2.7-statistical analysis

Each experiment was performed in triplicate to ensure accuracy and reproducibility of data. SPSS Ver. 25 software was used for the comparison of Mean ± SD parameter between treated groups. Analysis of variance (ANOVA) followed by Post-Hoc statistical tests was used to identify differences between groups. The significance was contemplated as P < 0.05. Finally, the cell survival percent against concentration was drawn by GraphPad Prism 7.0 software to determine the IC50 of each recombinant protein.

3. Results

3.1-Homology modeling and docking

Among 1000 predicted models for iRGD by Modeller 9.24, the best one with minimum DOPE (Discrete Optimized Protein Energy) score of -233.67093 and molpdf of 42.24848 and maximum GA-341 of 0.66843 was selected for molecular docking with beta 3 subunit of receptor. For β3 receptor, on the other hand, these parameters were reported as -44668.96094 for DOPE score, 5939.67969 for molpdf, and 0.29372 for GA-341. Interaction of DFF40-iRGD with β3 receptor analyzed by HADDOCK confirmed that the presence of DFF-40 next to the iRGD, does not reduce its interaction with integrin receptor. Docking results given in Table 1 demonstrate stronger interaction for DFF40-iRGD than native iRGD.

 
Table 1

HADDOCK results of molecular docking

Parameters

Beta3/DFF40-iRGD

Complex

Beta3/iRGD

Complex

HADDOCK score

-160.6 ± 7.1

-140.6 ± 9.7

Cluster size

228

38

RMSD

0.8 ± 0.5

0.5 ± 0.3

Einter a

-362

-436.1

Evdw b

-61.1 ± 4.4

-33 ± 2.2

Eelec c

-300.9 ± 60.5

-403.1 ± 21.7

Edesolv d

− 66.2 ± 9.4

48.5 ± 7.3

Erv e

268.7 ± 39.03

215.4 ± 46.42

BSA f

1978.1 ± 64.6

1324.7 ± 52.6

Z-Score

-1.4

-1.1

a Intermolecular energy: sum of the van der waals and electrostatic energies.

b Van der Waals energy

c Electrostatic energy

d Desolvation energy

e Restrain violation energy

f Total BSA: Buried surface energy

3.2-Expression and purification of DFF40 and DFF40-iRGD

SDS-PAGE analysis confirmed the expression of DFF40 and DFF40-iRGD fused to intein 1 with 66 kDa and 67 kDa bands, respectively (Fig. 1). The optimum condition for soluble expression of DFF40 was determined as 0.5 mM of IPTG, at 7 ºC for 24 hours. The best condition for soluble expression of DFF40-iRGD was found to be 0.1 mM of inducer, incubation at 7 ºC and for 24 hours. After the induction of cleavage of intein from the recombinant proteins, a band approximately at 39 and 40 kDa (corresponding to DFF40 and DFF40-iRGD, respectively), was observed (Fig. 2) proving successful purification with IMPACT system. Finally, according to the Bradford method the yield of purified soluble proteins was calculated as 477.5 and 256.76 µg per litter of bacterial culture for DFF40 and DFF40-iRGD, respectively.

3.3-MTT assay

As shown in Fig. 3a, both proteins exhibited cytotoxic effects on both MCF-7 and MDA-MB-231 cell lines in concentration and time-dependent manners.
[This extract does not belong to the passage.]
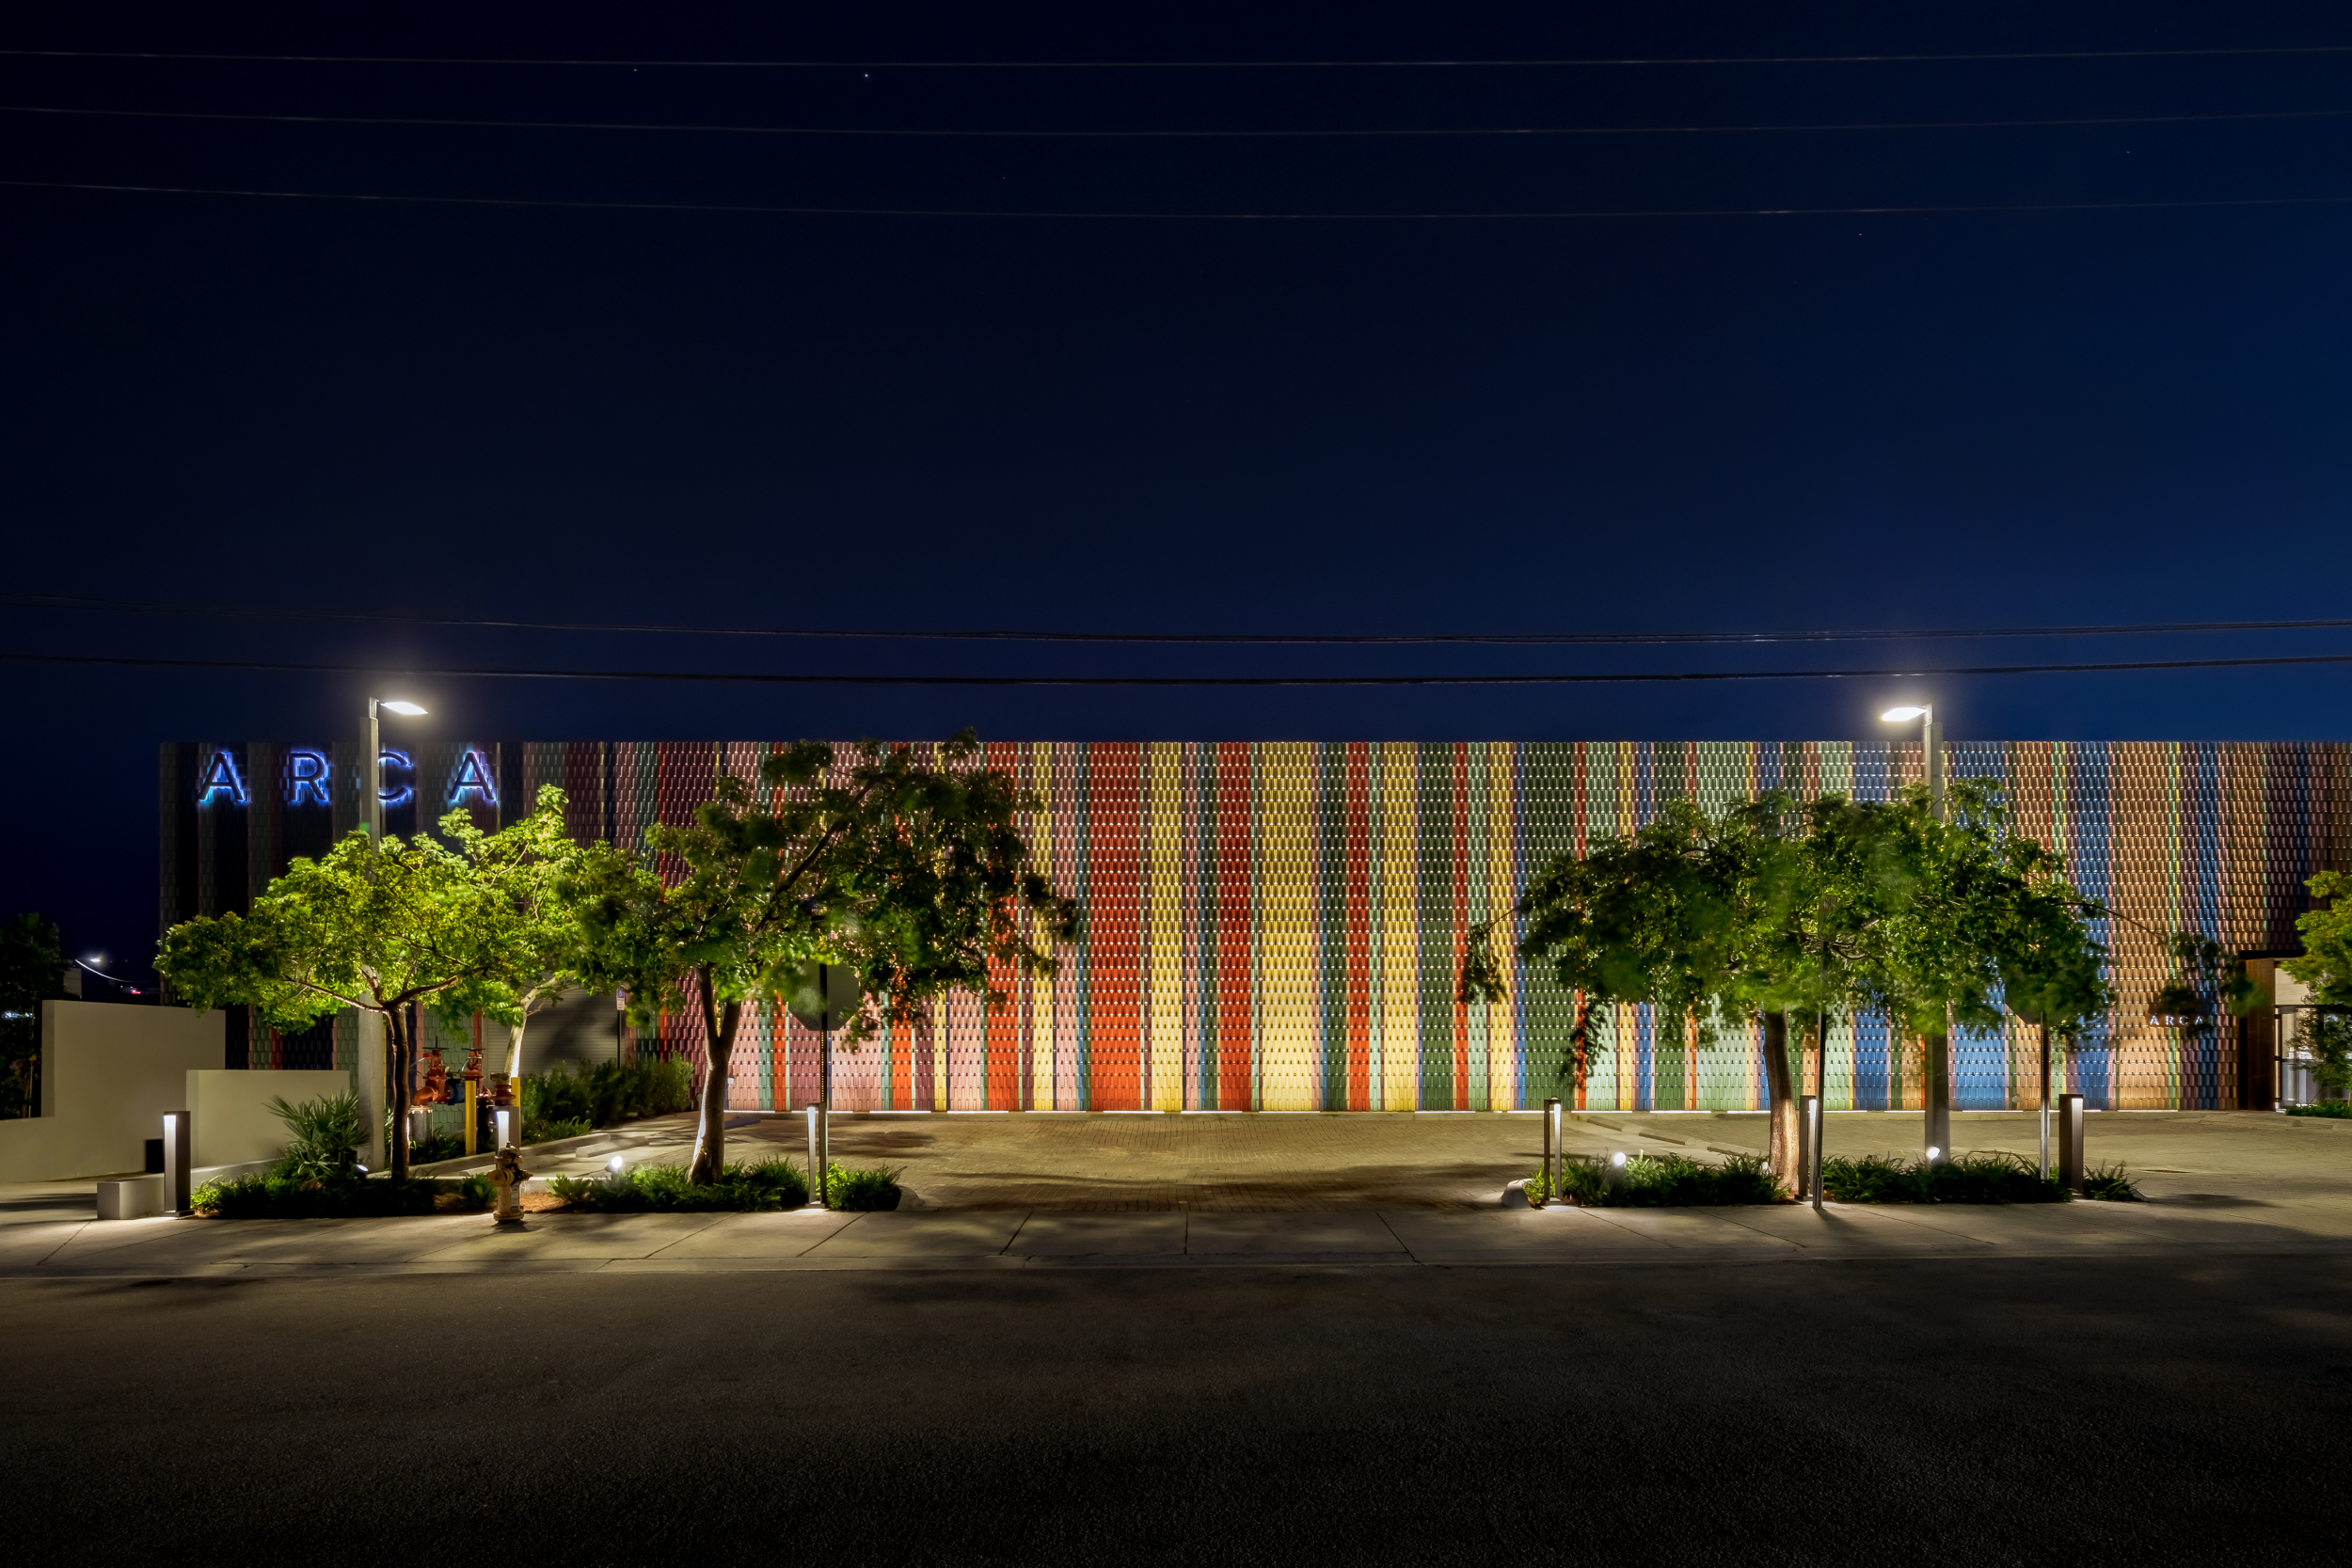 ARCA Wynwood Design Center by Esrawe Studio, Miami, Florida

A significant difference between the cytotoxicity of DFF40 and DFF40-iRGD proteins in the similar concentrations was observed for MDA-MB-231 cell line which has high expression levels of αVβ3 receptors. The highest difference in cytotoxicity was obtained at a concentration of 0.25 µg/ml for all times (P-value < 0.001). Over the time, the cytotoxic effects of both recombinant proteins increased. However, after 72 hours, difference between the cytotoxic effects of the two recombinant proteins was less than those obtained after 48 and 24 hours.

Results of MTT assay for MCF-7 cell line showed that the cytotoxic effects of two recombinant proteins were enhanced by increasing the concentration.

After 24 hours, a significant difference in cytotoxicity was observed between the two recombinant proteins, at concentration equal or greater than 1 µg/ml. After 48 hours of treatment, a significant difference was observed between the cell survival of two recombinant proteins at concentrations of 2 and 4 µg/ml. Finally, in 72-hour treatments, statistical evaluation of the results showed that there was a significant difference between the cytotoxic effects of these two proteins at concentrations of 1 µg/ml and above (Fig. 3b).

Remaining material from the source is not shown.